**YOUR ASSIGNMENT**
Output the data word for word, dropping every image.

**THE DATA**
■ ■ ■

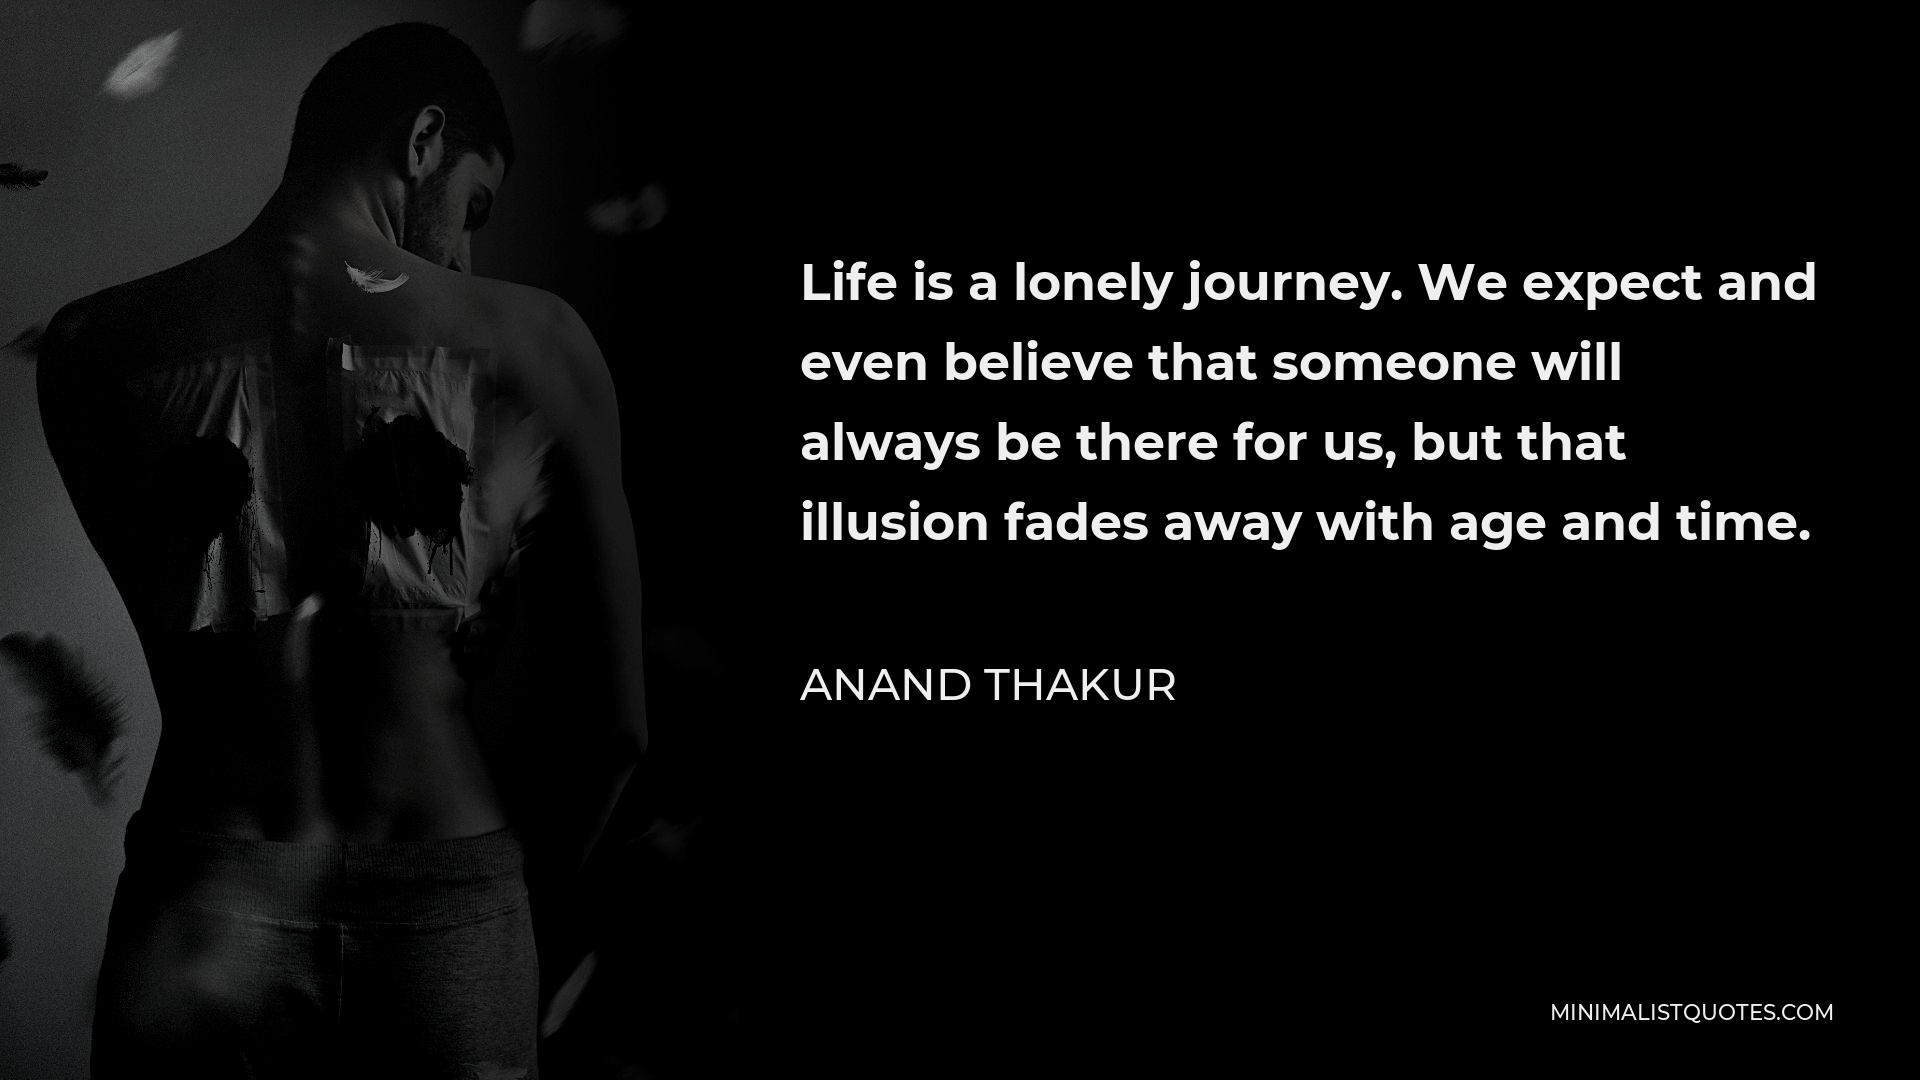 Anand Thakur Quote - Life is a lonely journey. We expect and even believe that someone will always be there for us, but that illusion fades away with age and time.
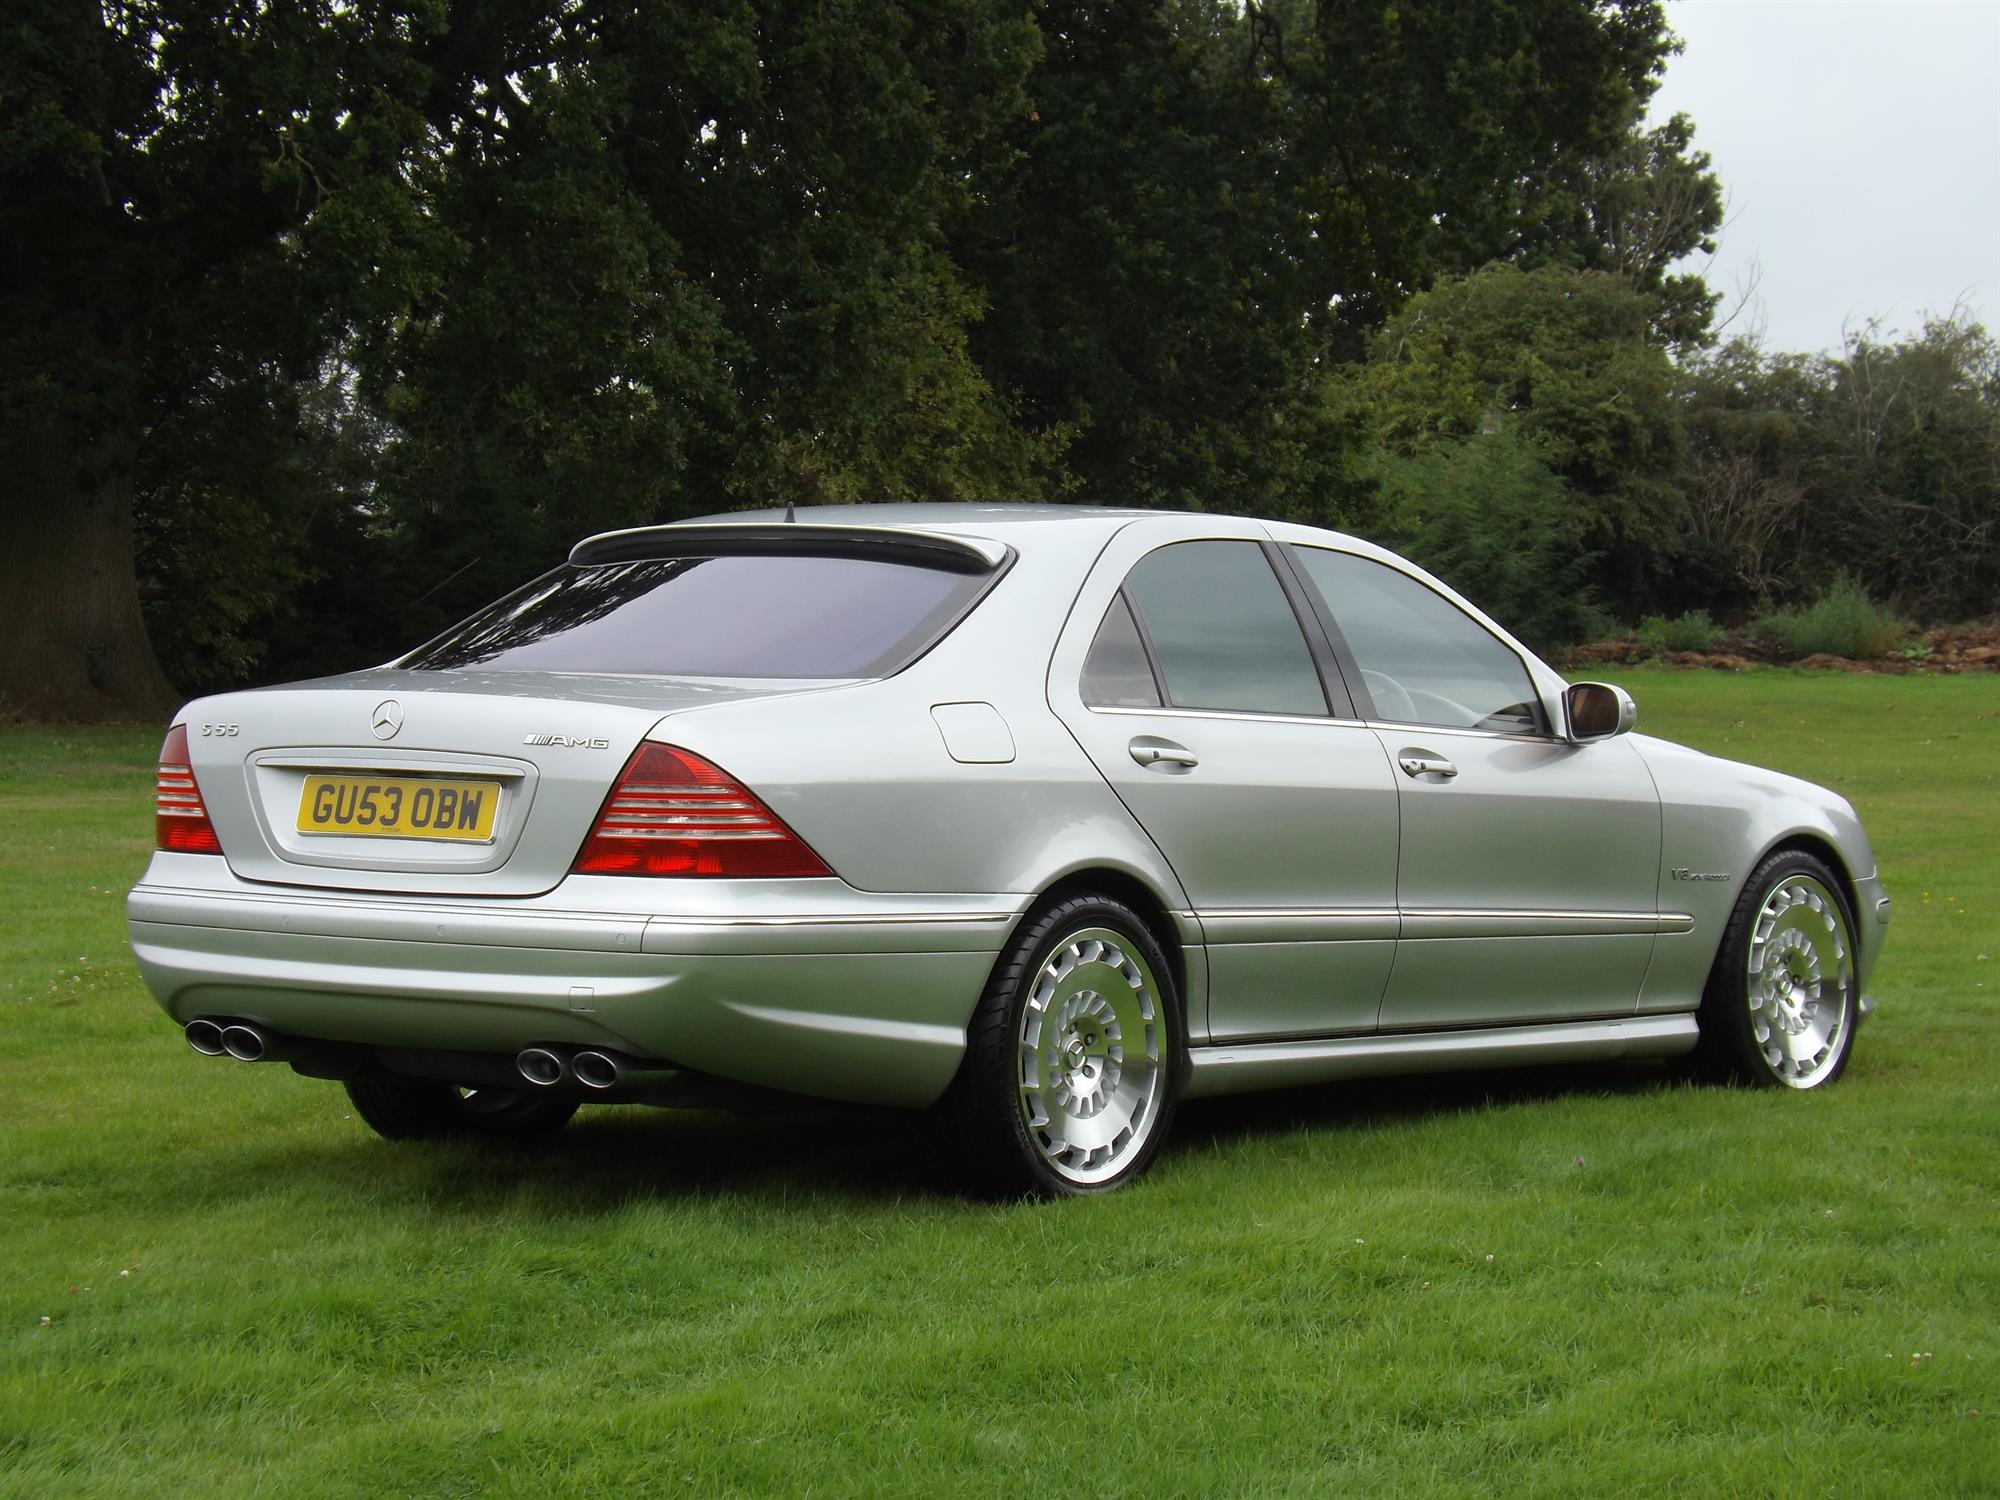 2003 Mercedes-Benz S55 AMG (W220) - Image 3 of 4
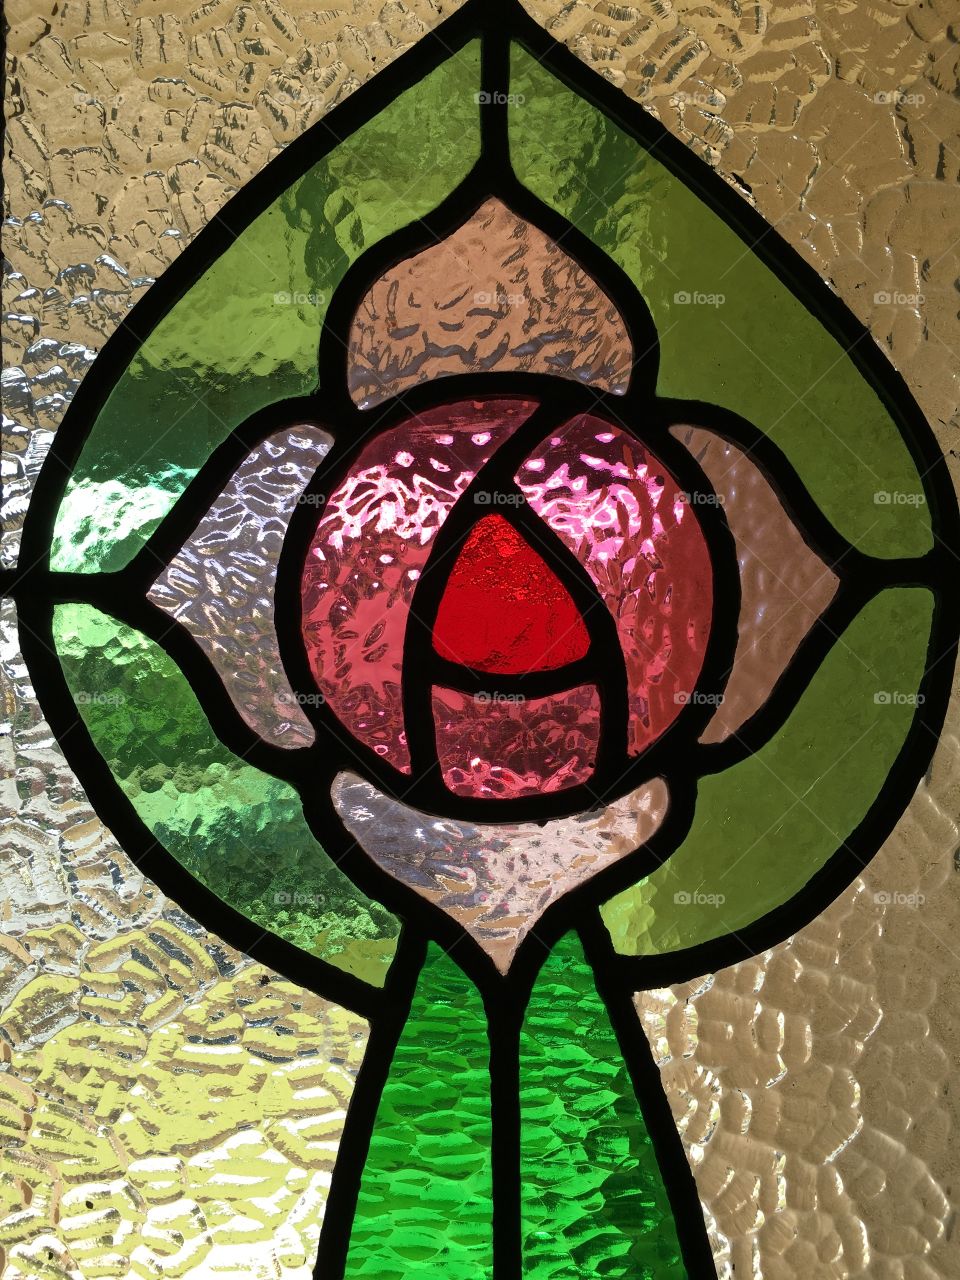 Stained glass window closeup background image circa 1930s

■ ■ ■

**RESULT FOR THIS TASK**
 Anand Thakur Quote - Life is a lonely journey. We expect and even believe that someone will always be there for us, but that illusion fades away with age and time.
 2003 Mercedes-Benz S55 AMG (W220) - Image 3 of 4
 Stained glass window closeup background image circa 1930s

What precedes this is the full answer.